Nossa análise mostrou que a chave RC4 extraída de cada amostra funciona como um identificador confiável de cluster, permitindo agrupar amostras em botnets individuais, como discutiremos com mais detalhes na seção Agrupamento (Clustering).
Um segundo valor incorporado ao código, denominado internamente como sd, é uma sequência hexadecimal de seis caracteres com aparência aleatória, seguindo o padrão [0-9a-f]{6}. Esse valor é transmitido durante o processo inicial de comunicação com o servidor C&C e, provavelmente, identifica uma compilação específica dentro da implantação de um afiliado. Embora às vezes seja chamado por pesquisadores de identificador de campanha ou ID do Amadey, o modelo de negócio do Amadey baseado em pagamento por compilação indica que o termo mais adequado é identificador de compilação.
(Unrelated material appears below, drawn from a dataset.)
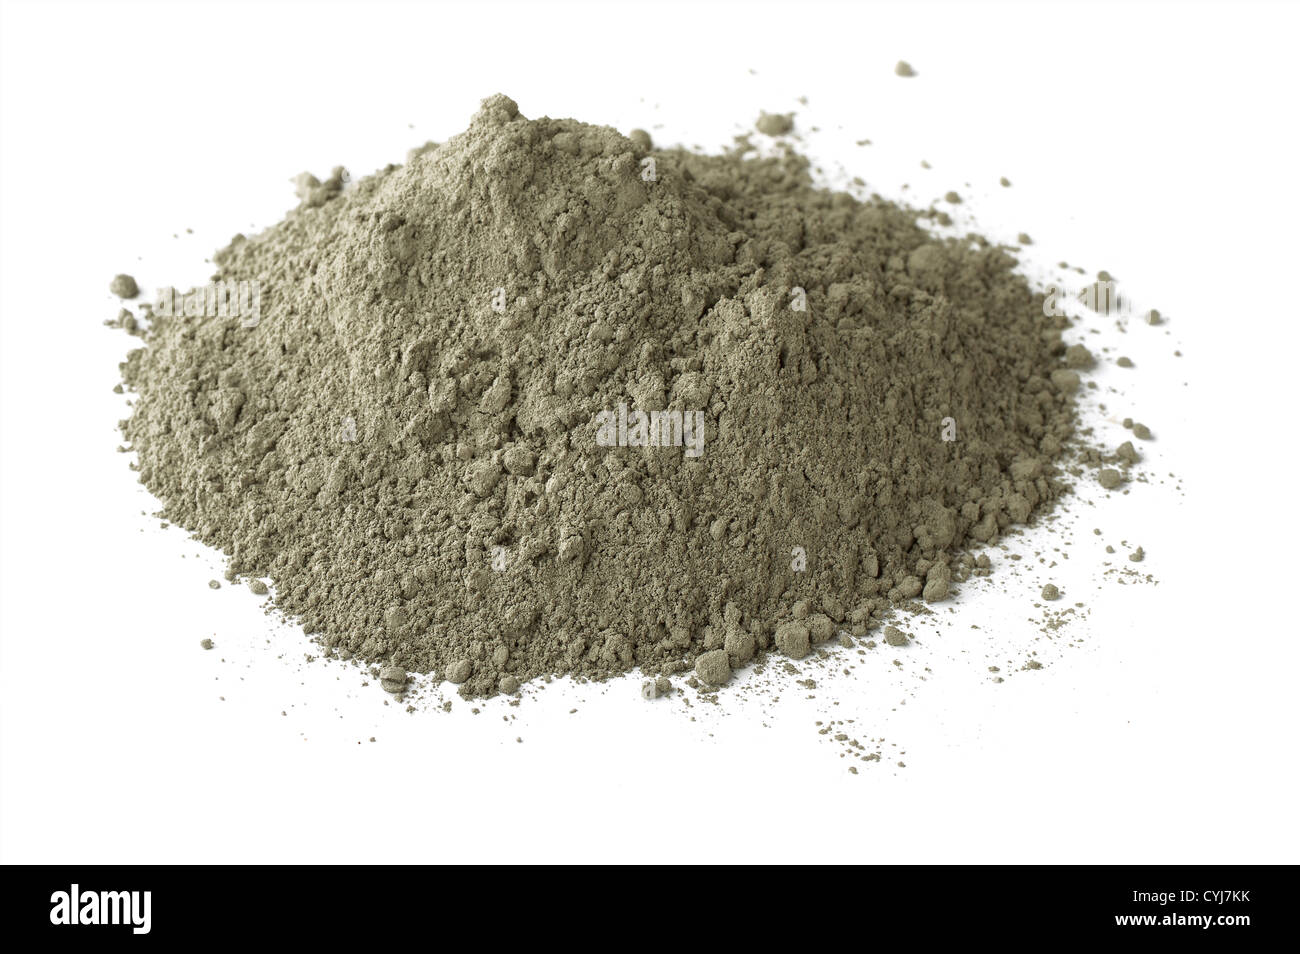 Pile of dry grey portland cement isolated on white Stock Photo

Cada amostra também possui um número de versão. Nossa análise se concentra na versão v5.x, que tem sido a variante predominante observada na telemetria da ESET desde o início de 2025.
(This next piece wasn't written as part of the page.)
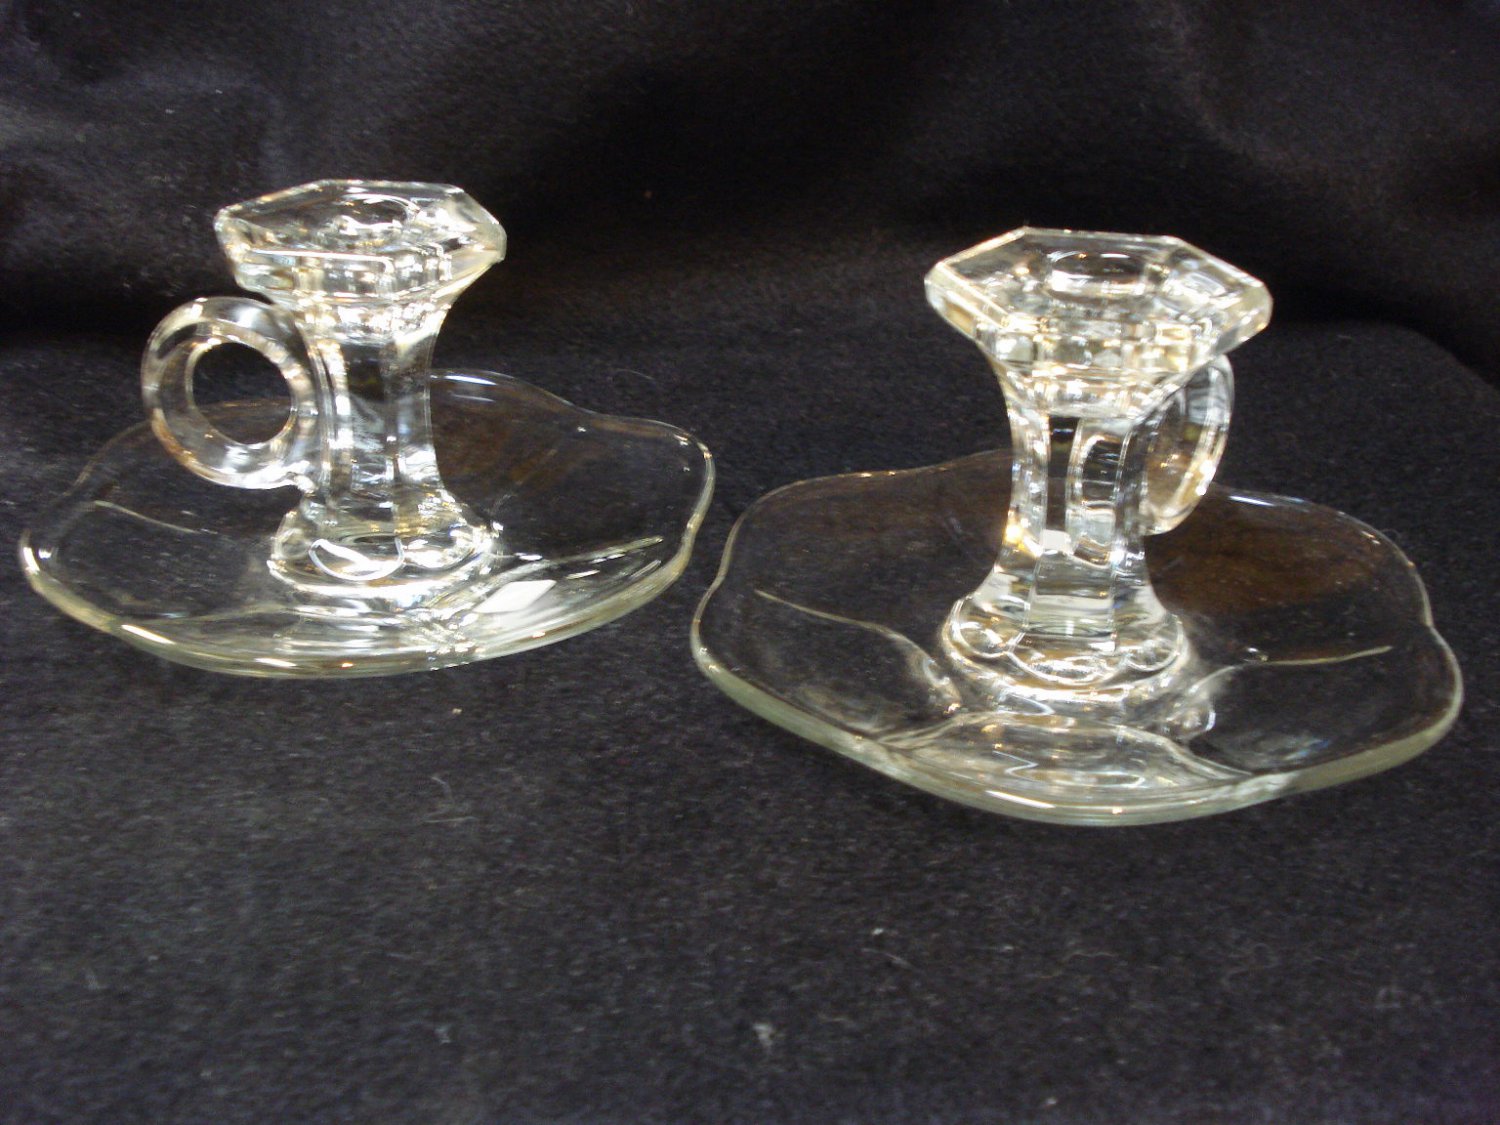 New Martinsville Saucer Handled Candle Sticks, Pair, 1920s crystal, made in USA

Esse bot também verifica o layout do teclado da vítima. Caso corresponda a um layout associado a um país da Comunidade dos Estados Independentes (CIS), toda a comunicação de rede é rejeitada silenciosamente. Atores de ameaças que operam a partir do Leste Europeu costumam utilizar esse tipo de mecanismo de proteção integrado para evitar afetar empresas e entidades governamentais da região, reduzindo o risco de chamar a atenção ou sofrer ações legais por parte das autoridades locais. Além disso, esses operadores frequentemente adotam essas práticas para evitar possíveis reações negativas de outros integrantes do ecossistema criminoso por atingir “seu próprio povo” ou por violar as regras dos fóruns da darknet onde seus serviços são anunciados.
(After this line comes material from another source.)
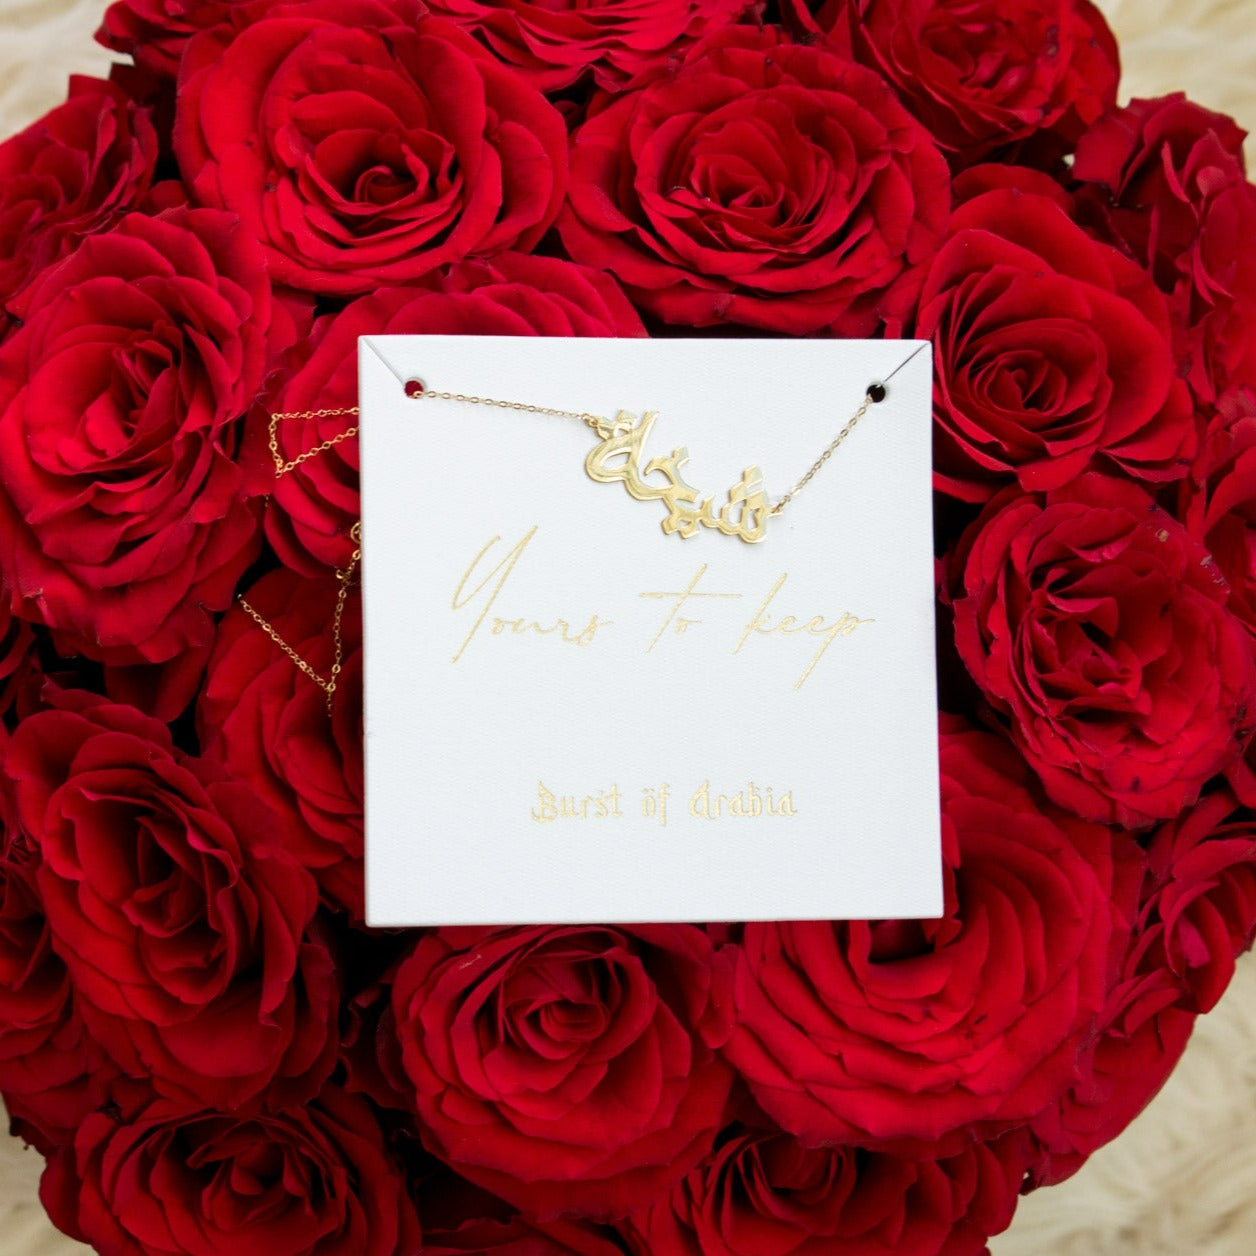 Surprise your loved ones with our Gold Personalized Name Necklace. Handcrafted in the UAE with premium materials and skilled artisans, this classic necklace makes the perfect gift for your best friend, significant other, or family member. Show them how much you care with this beautifully designed and locally made piece.

Esta seção apresenta apenas uma visão geral do Amadey, pois uma análise técnica aprofundada já foi publicada no relatório da Swisscom.
Comunicações C&C
O Amadey se comunica com seu servidor de comando e controle (C&C) por meio de HTTP utilizando requisições POST. Em alto nível, essa comunicação segue um ciclo de vida composto por três etapas:
- Beacon inicial: o bot envia uma requisição HTTP POST mínima contendo st=s para o servidor C&C. O servidor responde com um intervalo de espera, por exemplo <c>10<d>, instruindo o bot a aguardar 10 minutos entre as comunicações subsequentes.
- Registro: o bot transmite informações do sistema criptografadas com RC4 e codificadas como uma sequência simples de chave-valor. Esses dados incluem a versão do sistema operacional, nome de usuário, nome do computador, produto antivírus instalado, privilégios administrativos, valor sd e outras informações do dispositivo. É importante destacar que a própria chave RC4 nunca é transmitida pela rede. Com base em nossa telemetria, nenhum servidor foi observado fornecendo tarefas para mais de uma chave RC4 ao mesmo tempo, sugerindo que cada amostra precisa se comunicar com um servidor C&C que já conhece e espera exatamente aquela chave RC4 específica. O servidor responde com uma lista de tarefas.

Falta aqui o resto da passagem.